RECORDED DATA
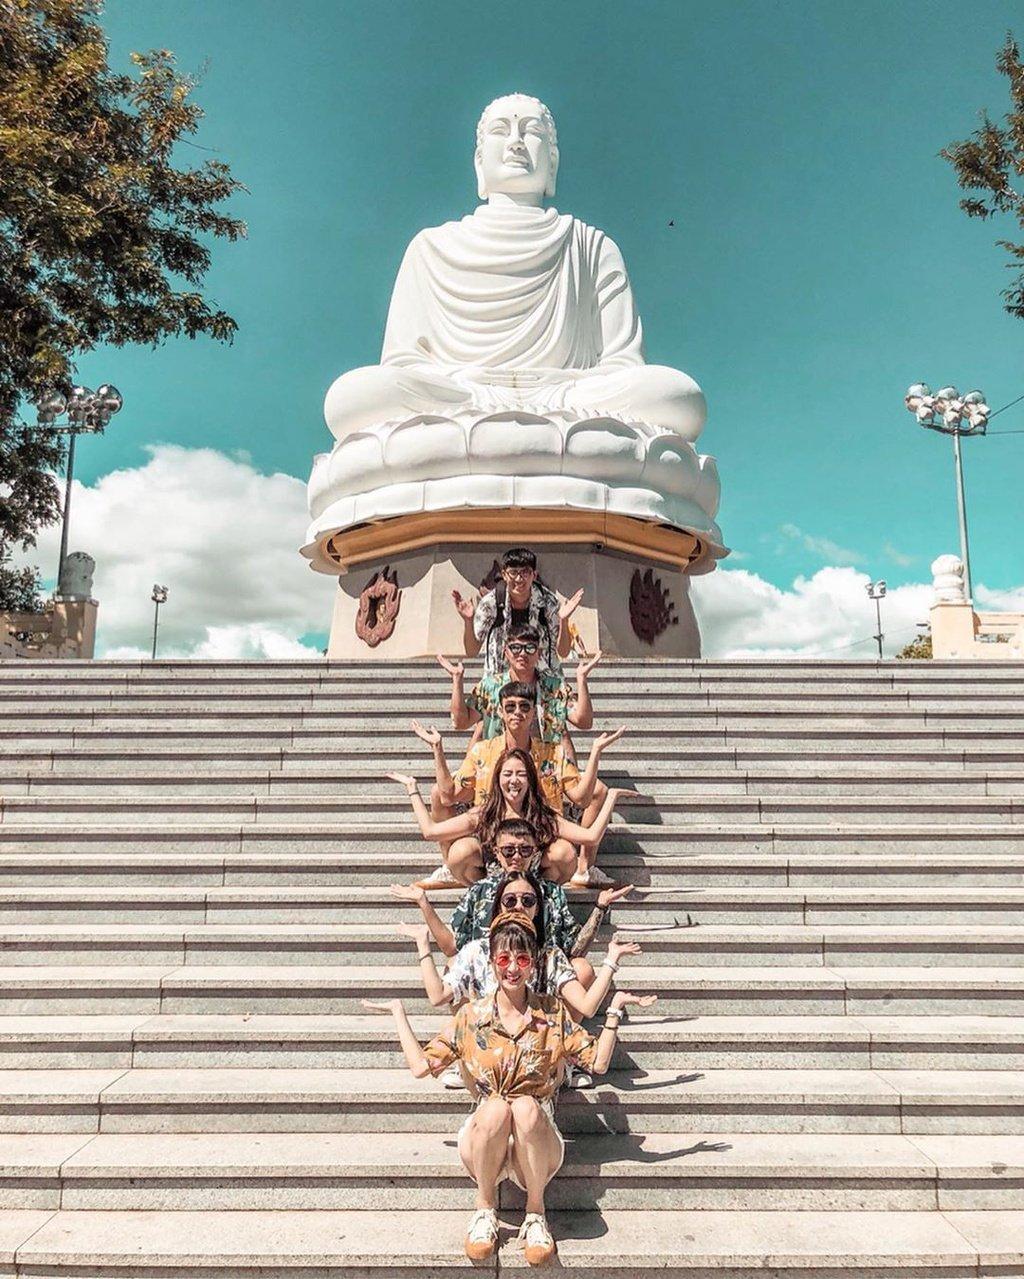 hùa Long Sơn hay còn gọi là Chùa Phật trắng, tọa lạc ở dưới chân núi Trại Thủy, ngay trung tâm thành phố Nha Trang. Chùa được xây dựng cách đây hơn trăm năm, được xem là địa điểm du lịch tâm linh nổi tiếng. Ngôi chùa Nha Trang này nổi bật với tượng Phật Thích Ca màu trắng, cao 24m, đường kính đài sen rộng 10m, uy nghi trong tư thế tọa thiền giữa bầu trời.
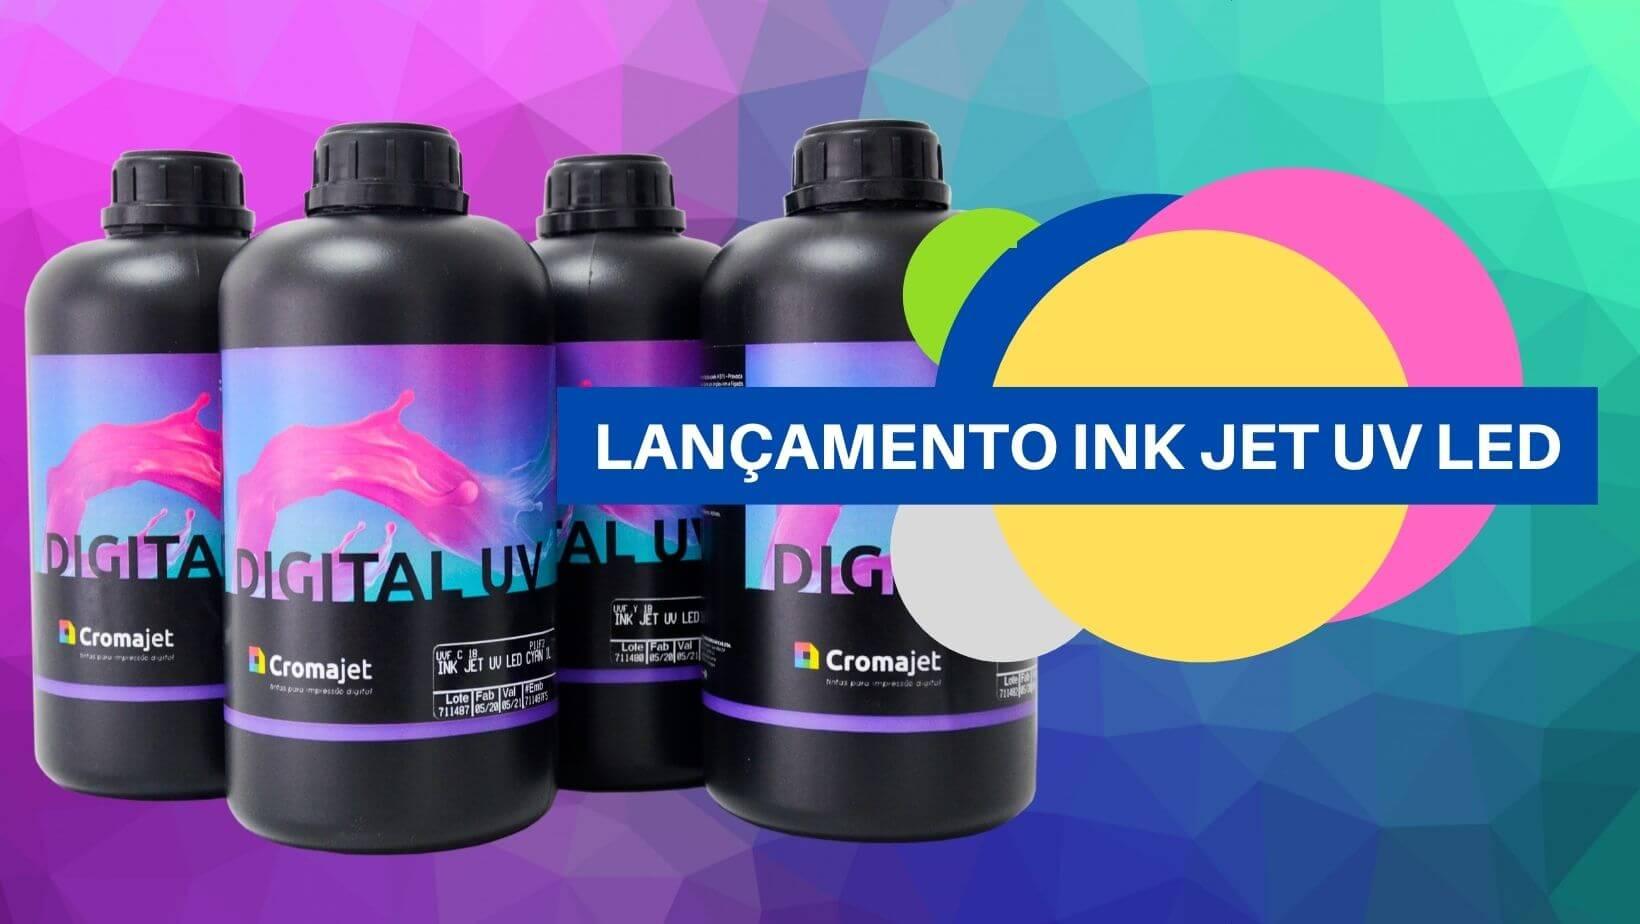 LANCAMENTO INK JET UV LED 1 - LANÇAMENTO INK JET UV LED
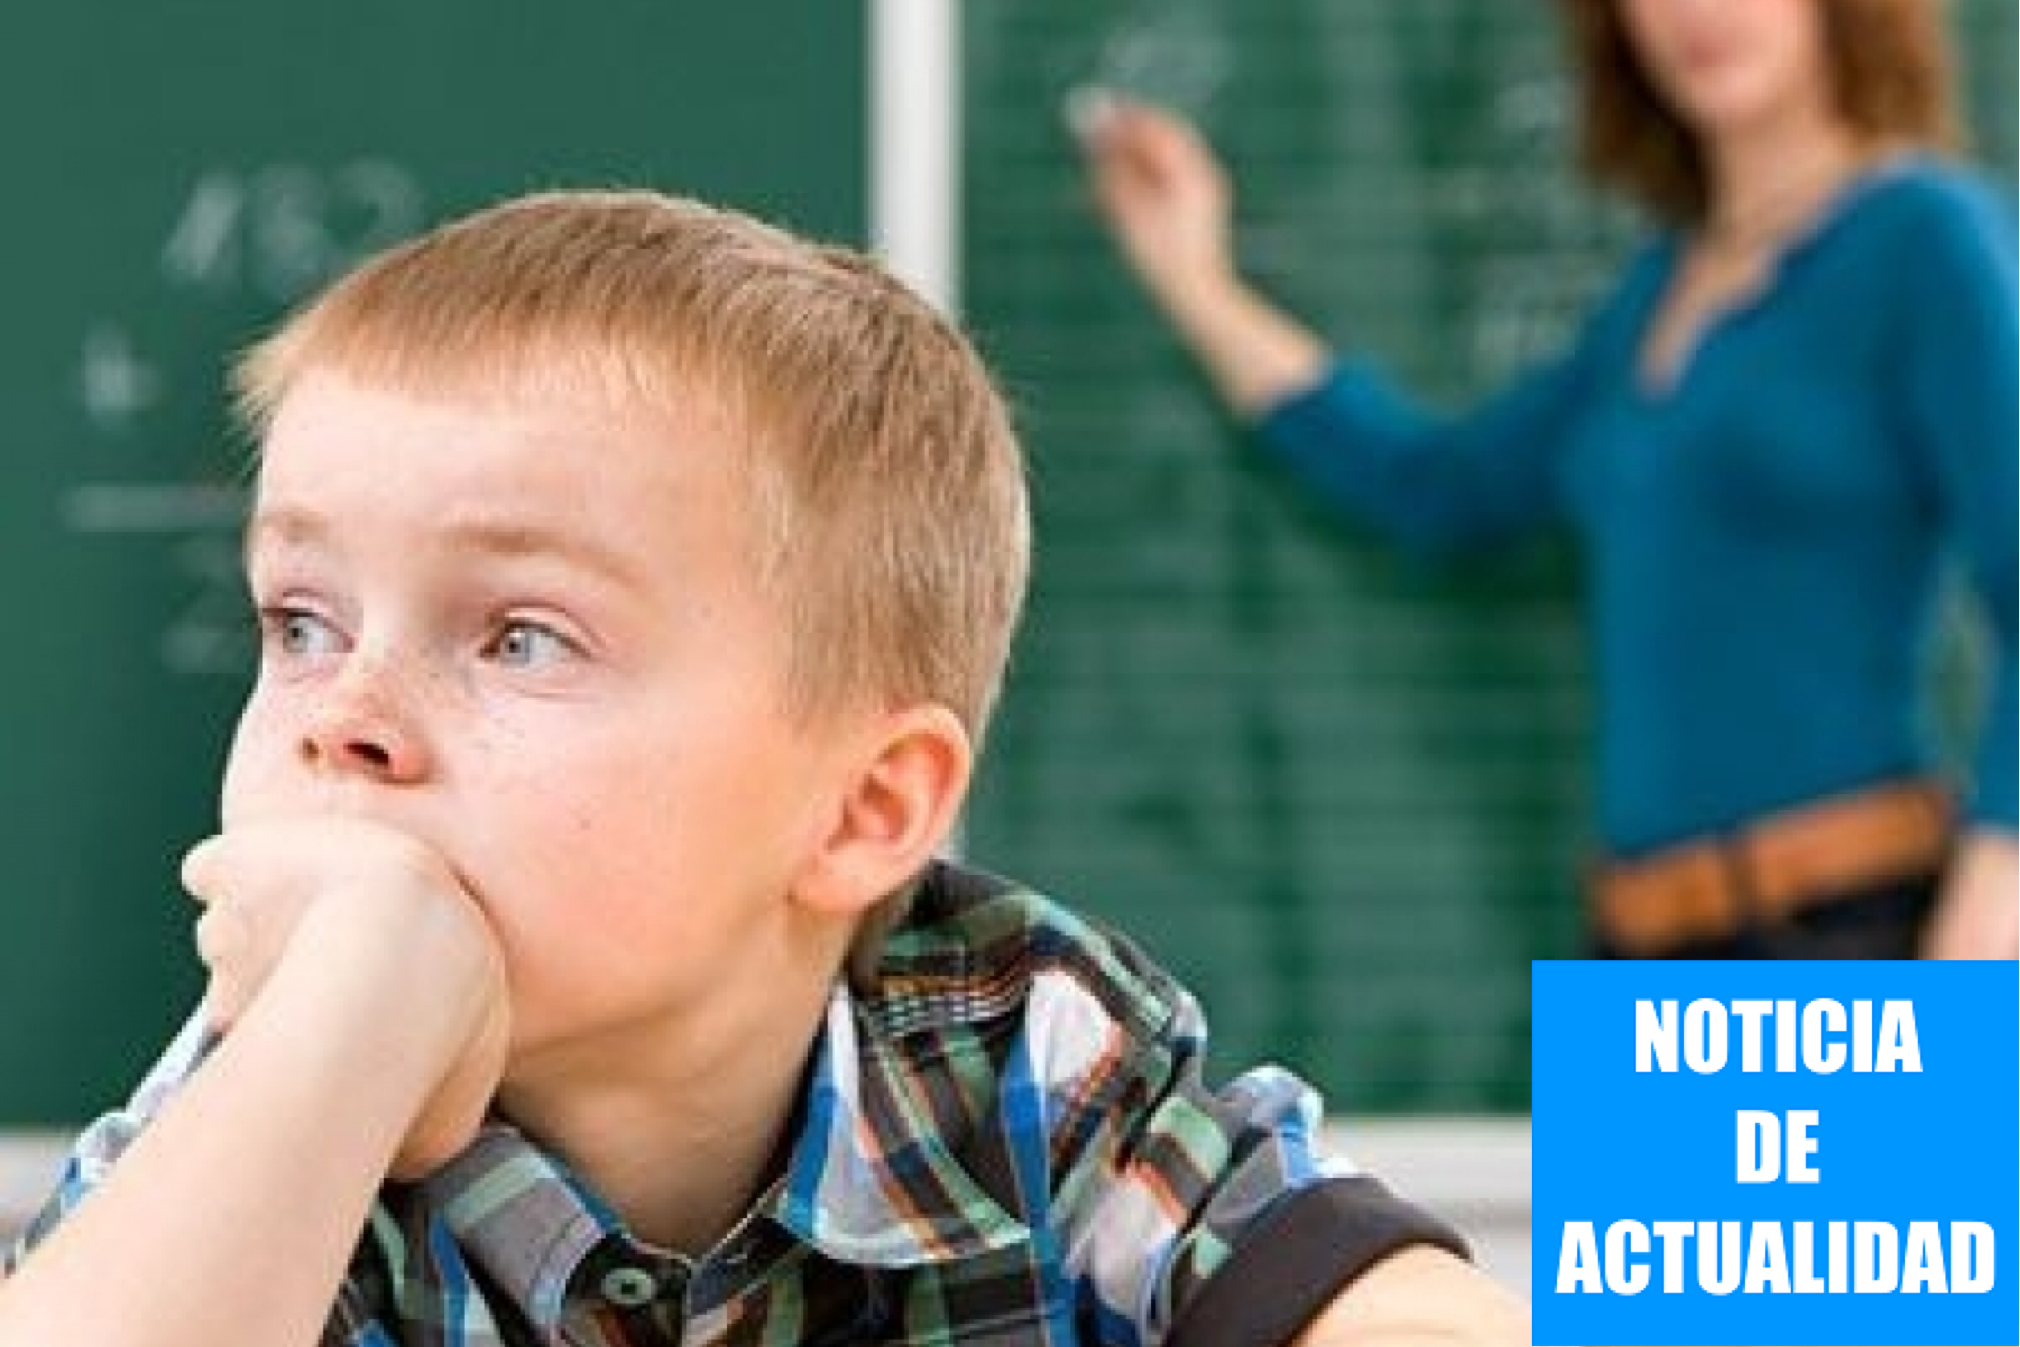 El TDA-H condiciona el sueño, la actividad y la conducta de los niños

TASK DESCRIPTION
Set the data above down again exactly as given, with no pictures.

YOUR RESPONSE
 hùa Long Sơn hay còn gọi là Chùa Phật trắng, tọa lạc ở dưới chân núi Trại Thủy, ngay trung tâm thành phố Nha Trang. Chùa được xây dựng cách đây hơn trăm năm, được xem là địa điểm du lịch tâm linh nổi tiếng. Ngôi chùa Nha Trang này nổi bật với tượng Phật Thích Ca màu trắng, cao 24m, đường kính đài sen rộng 10m, uy nghi trong tư thế tọa thiền giữa bầu trời.
 LANCAMENTO INK JET UV LED 1 - LANÇAMENTO INK JET UV LED
 El TDA-H condiciona el sueño, la actividad y la conducta de los niños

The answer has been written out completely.